7. In a wireless communication system, a method for converting a CDMA SMS message to a GSM SMS message, comprising:

setting a TP data coding scheme field in the GSM SMS message to a value that is within a specified field of the CDMA SMS message and that indicates the data coding scheme used by the GSM SMS message; and

the TP user data field in the GSM SMS message is set to the data in the CHARi field in the CDMA SMS message.

8. The method of claim 7, wherein the specified field is a Message _ Type field within a user data subparameter of a CDMA SMS Message.

9. The method of claim 7, further comprising:

detecting a value in the Msg _ Encoding field in a user data subparameter of the CDMA SMS message; and

if the detected value indicates that the CDMA SMS message comprises an encapsulated GSM SMS message, a conversion from a CDMASMS message to a GSM SMS message is performed.

10. A method for processing a received short message in a wireless communication system, comprising:

obtaining a value in a first field in the received short message;

determining whether the received short message includes an encapsulated message based on a value obtained from the first field; and

if the received short message comprises an encapsulated message,

obtaining from a second field of the received short message a value indicating a data encoding scheme used for encapsulating the message, an

Processing data within the received short message based on the data encoding scheme.
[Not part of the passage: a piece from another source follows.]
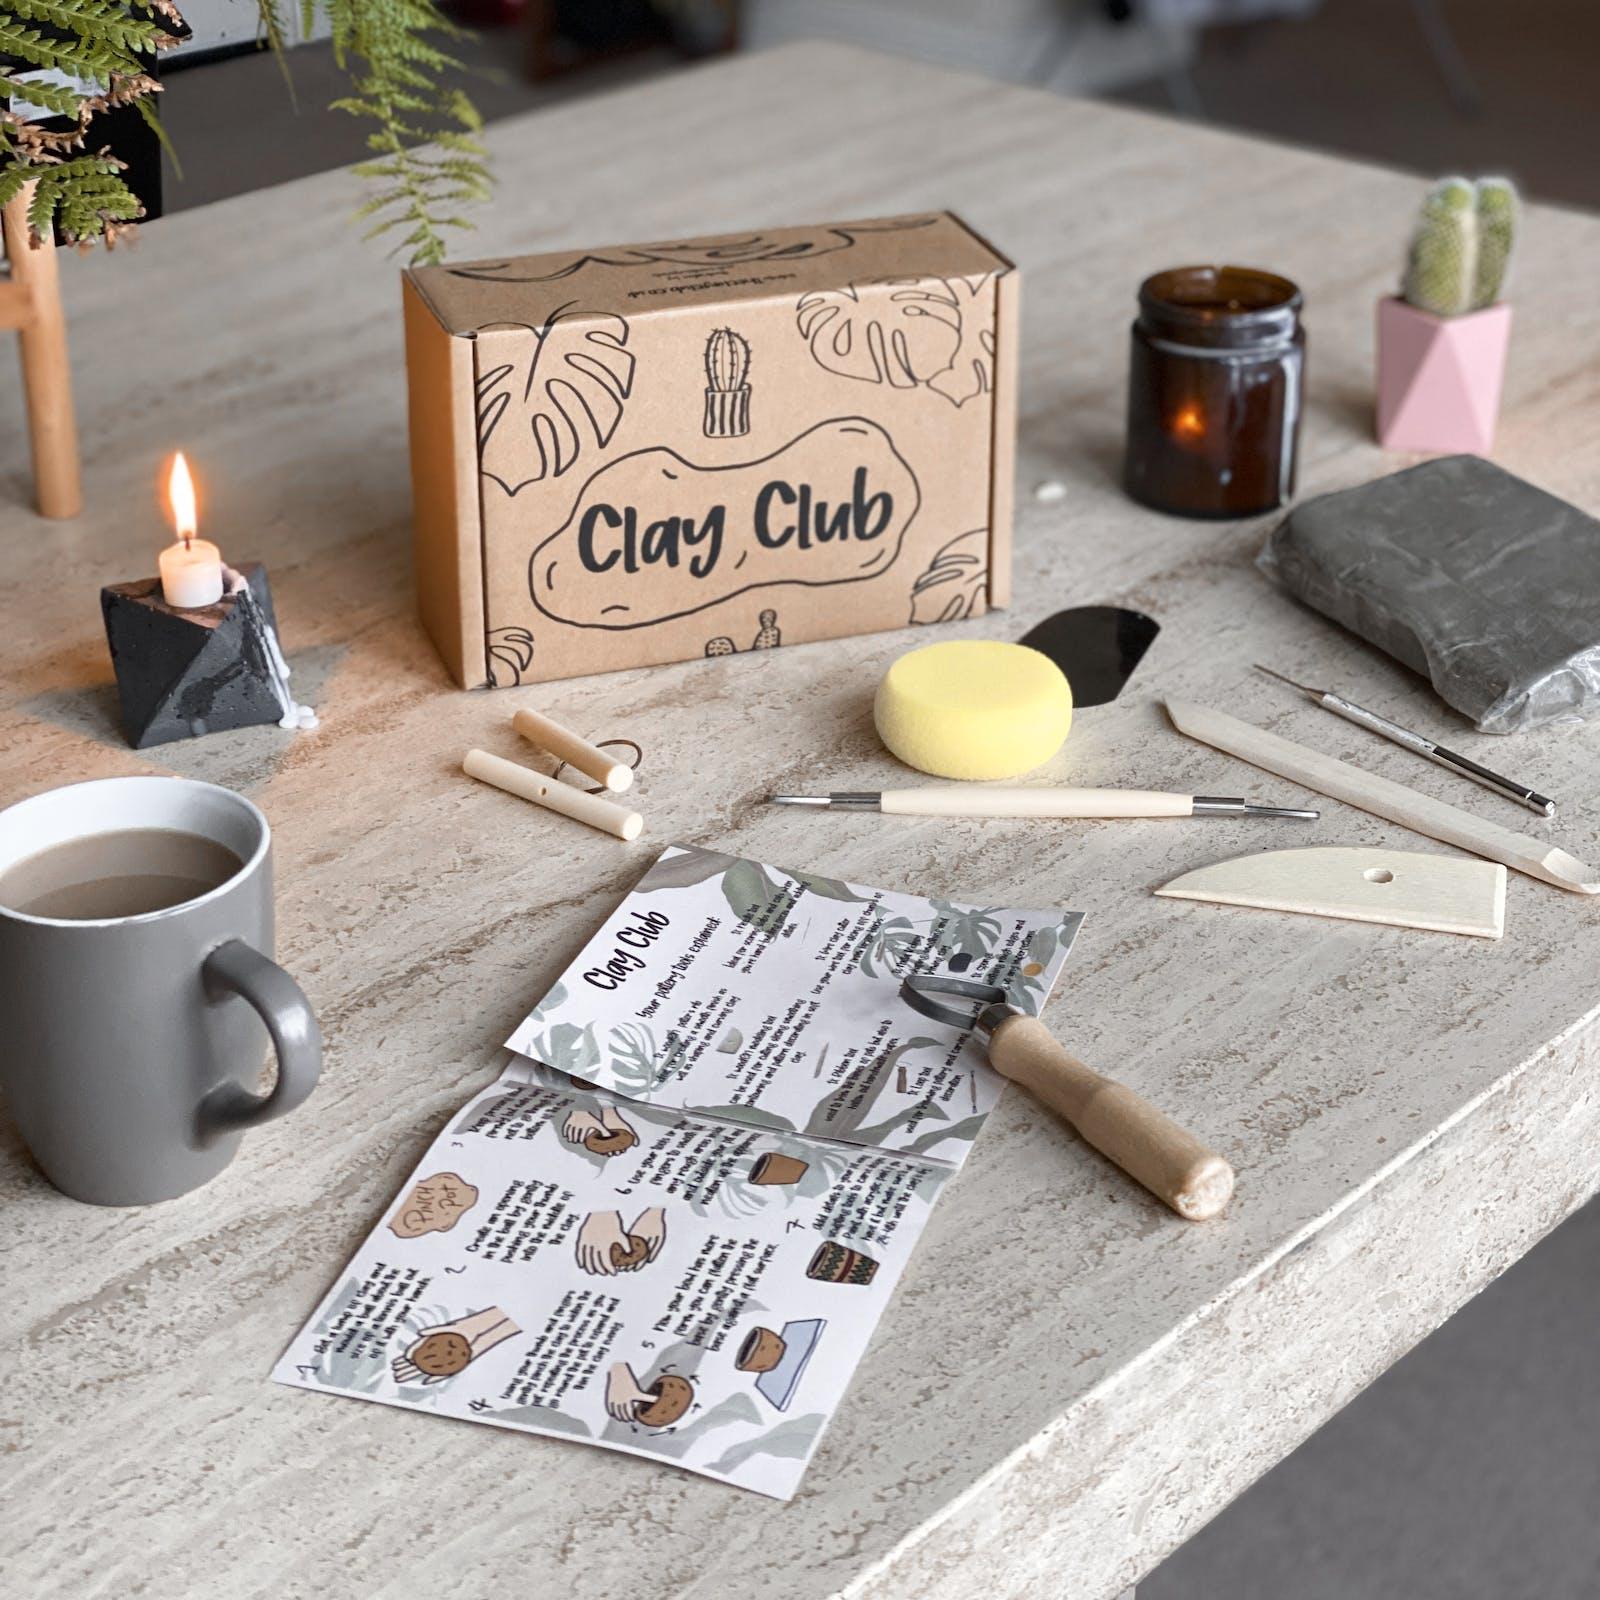 Clay Club DIY pottery set

11. The method of claim 10, wherein the processing comprises:

if the data encoding scheme indicates that the data has been compressed, the data within the received short message is decompressed.
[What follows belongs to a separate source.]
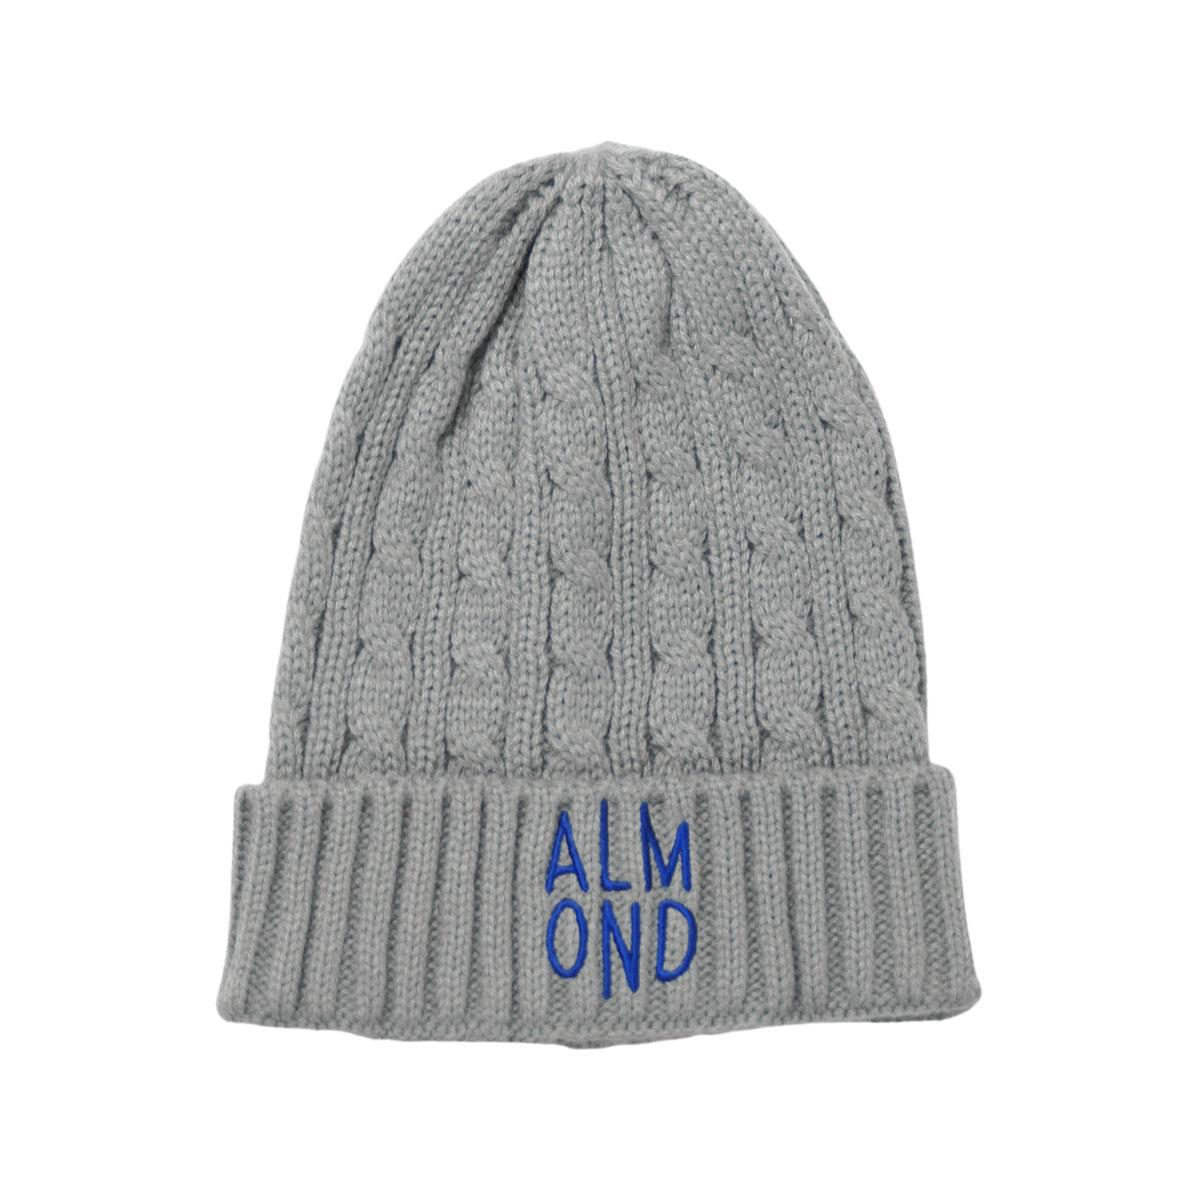 Almond Surf アーモンドサーフボードデザイン KNIT WATCH CAP

12. The method of claim 10, further comprising:

if the received short message does not include an encapsulated message,

the data within the received short message is processed based on the value obtained from the first field.

13. The method of claim 10, wherein the received short message is a cdma SMS message and the encapsulated message is a GSM SMS message.
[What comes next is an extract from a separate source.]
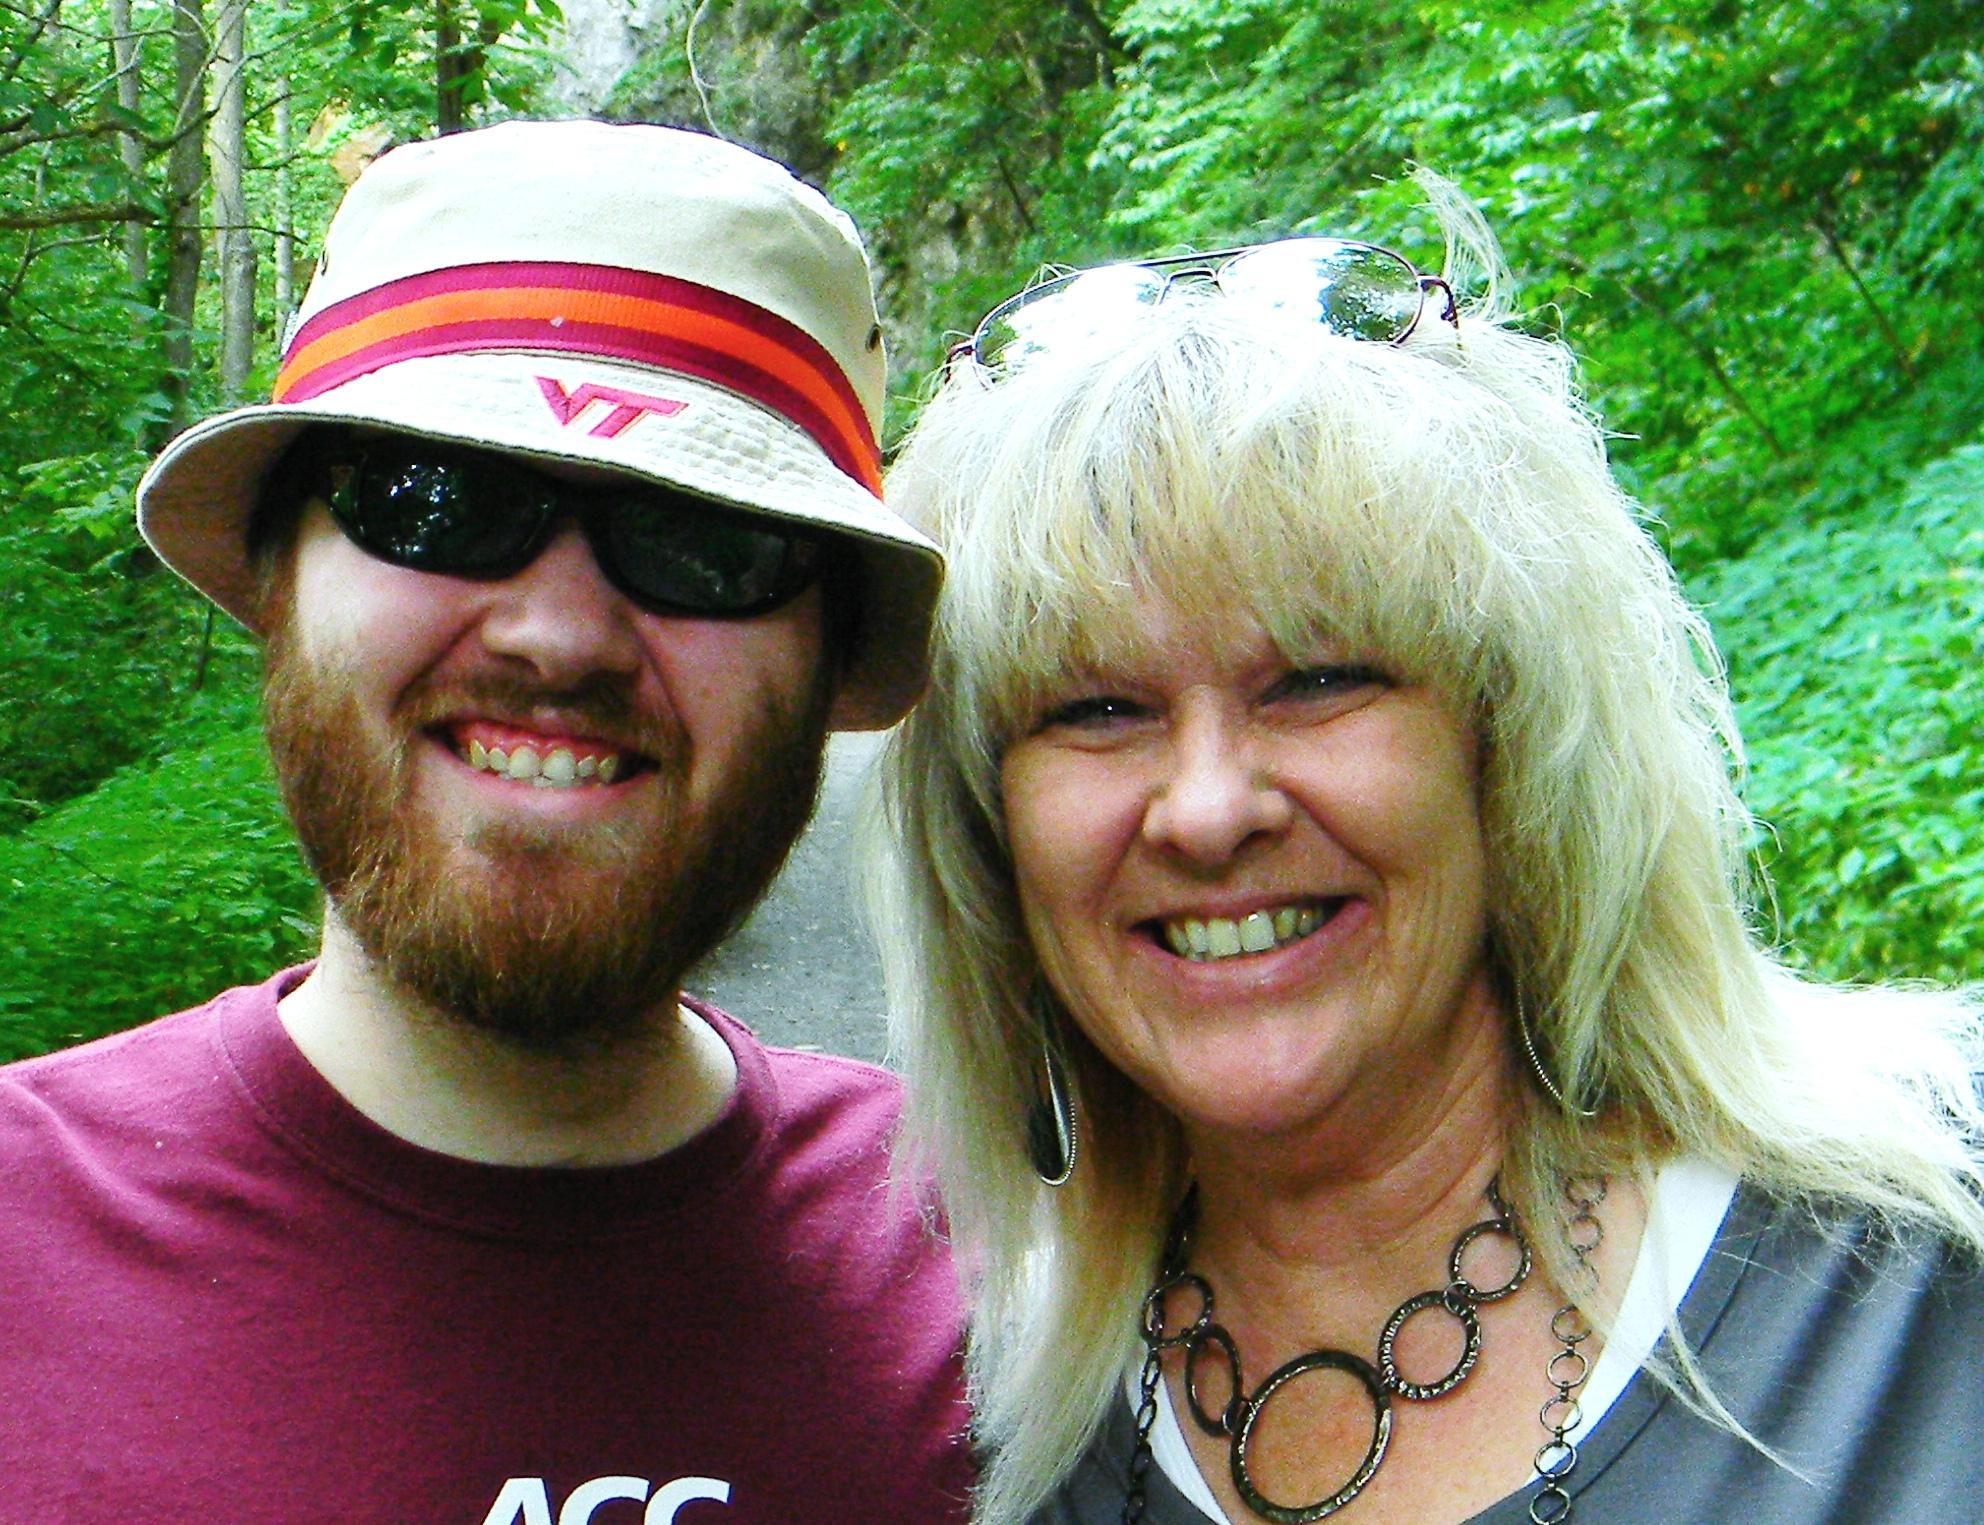 Liz Becker, author of 'Autism and the World According to Matt' Part 2

14. The method of claim 13, wherein the first field is an Msg _ Encoding field and the second field is a Message _ Type field within a user data subparameter of a CDMA SMS Message.

15. An apparatus in a wireless communication system for converting a first short message in a first format to a second short message in a second format, comprising:

means for setting a first field within the second message to a value indicating that the short message, initially in the first format, is included in the second message;

means for setting a second field within the second message to a value representative of a data encoding scheme used by the first message; and

means for setting a data field within the second message to data included within the first message.

16. The apparatus of claim 15, further comprising:

means for setting a length field in the second message to a value representing the length of data included in the first message.

17. The apparatus of claim 15, wherein the first short message is a GSM SMS message and the second short message is a CDMA SMS message.

18. A method in a wireless communication system for processing a received short message, comprising:

means for obtaining a value in a first field in the received short message;

means for determining whether the received short message comprises an encapsulated message based on a value obtained from the first field;

if the received short message comprises an encapsulated message, means for obtaining a value representing a data coding scheme used for the encapsulated message from a second field of the received short message, an

Means for processing data within the received short message based on the data encoding scheme if the received short message comprises an encapsulated message.

19. The apparatus of claim 18, further comprising:

means for decompressing the data in the received short message if the data encoding scheme indicates that the data has been compressed.

20. The apparatus of claim 18, further comprising:

means for processing data within the received short message based on the value obtained from the first field if the received short message does not comprise an encapsulated message.

21. The apparatus of claim 18, wherein the received short message is a cdma SMS message and the encapsulated message is a GSM SMS message.